I don’t understand it.
Why doesn’t truth snuff out the flames? Why aren’t healthy-minded people able to drown out the extremely offensive antisemitic and racist noise emanating from too many varieties of modern media?
It’s spookier than Halloween, I tell ya.
A full-sized Snickers would go a long way toward distracting me from how thin the tenuous line of healthy thinking is holding society together.
What should we believe? That kids will don wild costumes and roam door to door in neighborhoods to holler for tricks and treats?
Preposterous.
There is something else I don’t understand. How does a quarterback heave a football sixty yards downfield so that it reaches a racing receiver who is running at full speed and still able to look up at the last second as the ball drops perfectly within easy reach while all manner of defensive mayhem is unleashed around both guys?
Have you ever wondered what it would be like if NFL players dropped to the ground, writhing in pain each time an opponent committed a penalty against them? I’m poking fun at you, FIFA Men’s World Cup contenders.
I have yet to figure out how to reconcile the discontentment over the questionable (ahem…bribes?) award back in 2010 of this year’s World Cup to Qatar. Add to that the controversial treatment of immigrant laborers needed to build the infrastructure of stadiums and other facilities to support the global sporting event and the need to reschedule the tourney to the northern hemisphere winter season due to the average high temperature of the desert nation. It all feels just plain wrong trying to fully enjoy the game competitions under the tarnished situation of awarding Qatar the honor of hosting.
I suppose I could wear a black band on my arm while watching the games.

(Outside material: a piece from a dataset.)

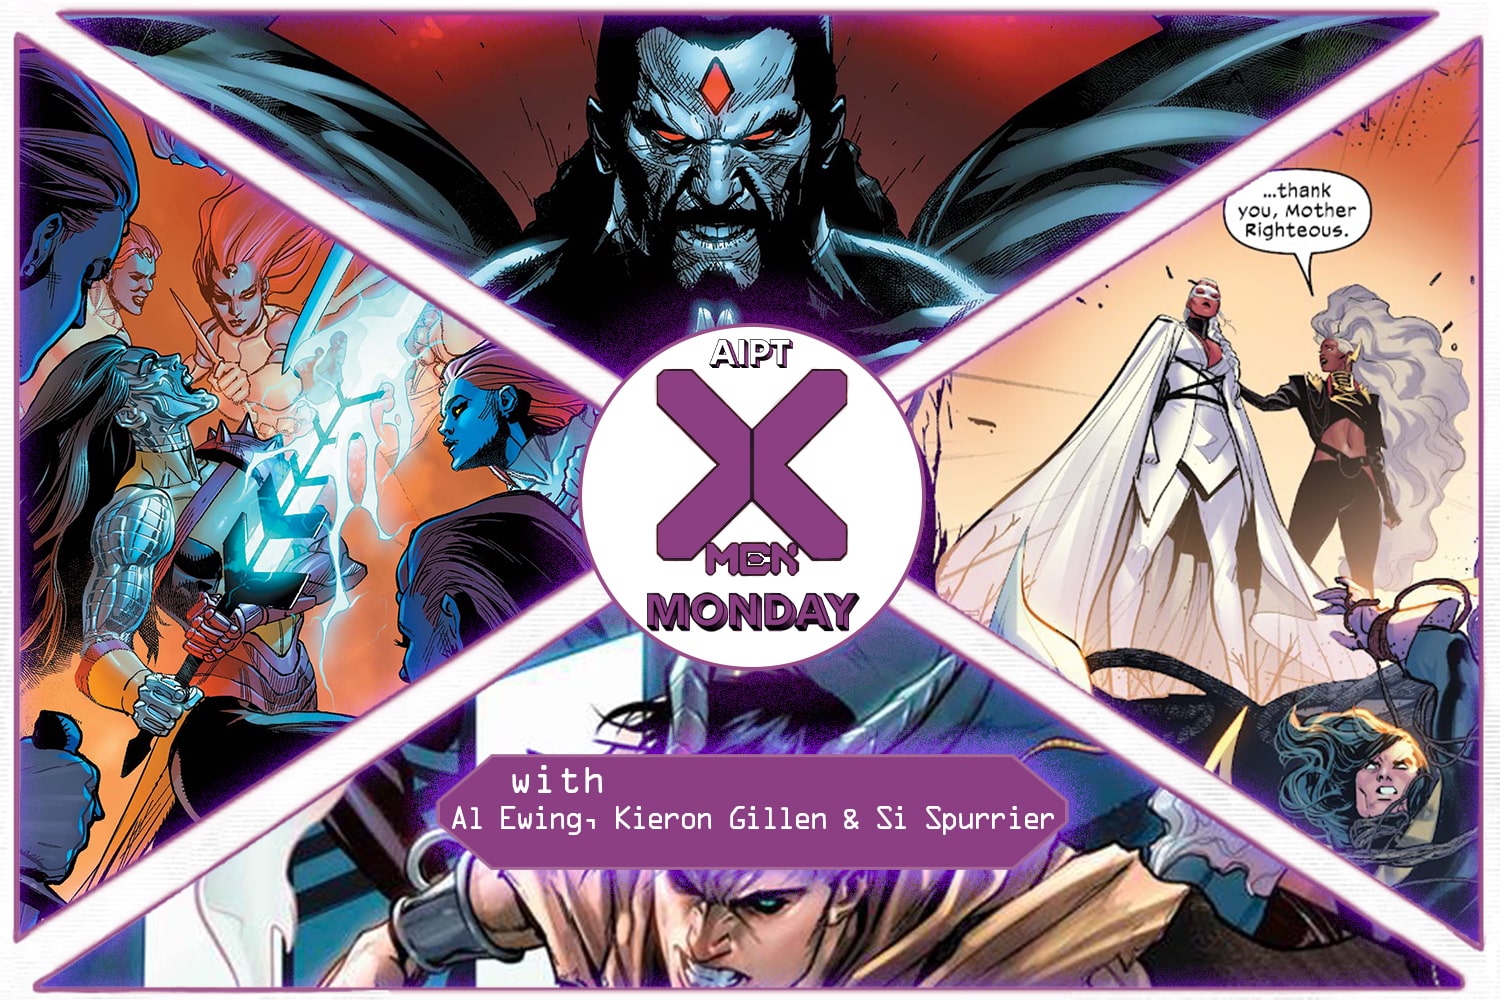 X-Men Monday #203 - Al Ewing, Kieron Gillen & Si Spurrier Reflect on Sins of Sinister

All these issues are meaningless to our horses. They are holding on to their sanity by simply being horses. I’m not sure they sense the climate is changing but they are vividly aware of how many warm, dry, and sunny days in a row we have been experiencing for months. It has become common lately to find the four of them gathered along the far fence of the hay field taking turns laying down to nap in the mid-morning sunshine.
When I feel like I’m barely holding on to my healthy mindset, my favorite remedy involves an extended quiet visit with the herd of horses.
Even though it feels weird to be outside in short sleeves at the end of October.
Happy Halloween!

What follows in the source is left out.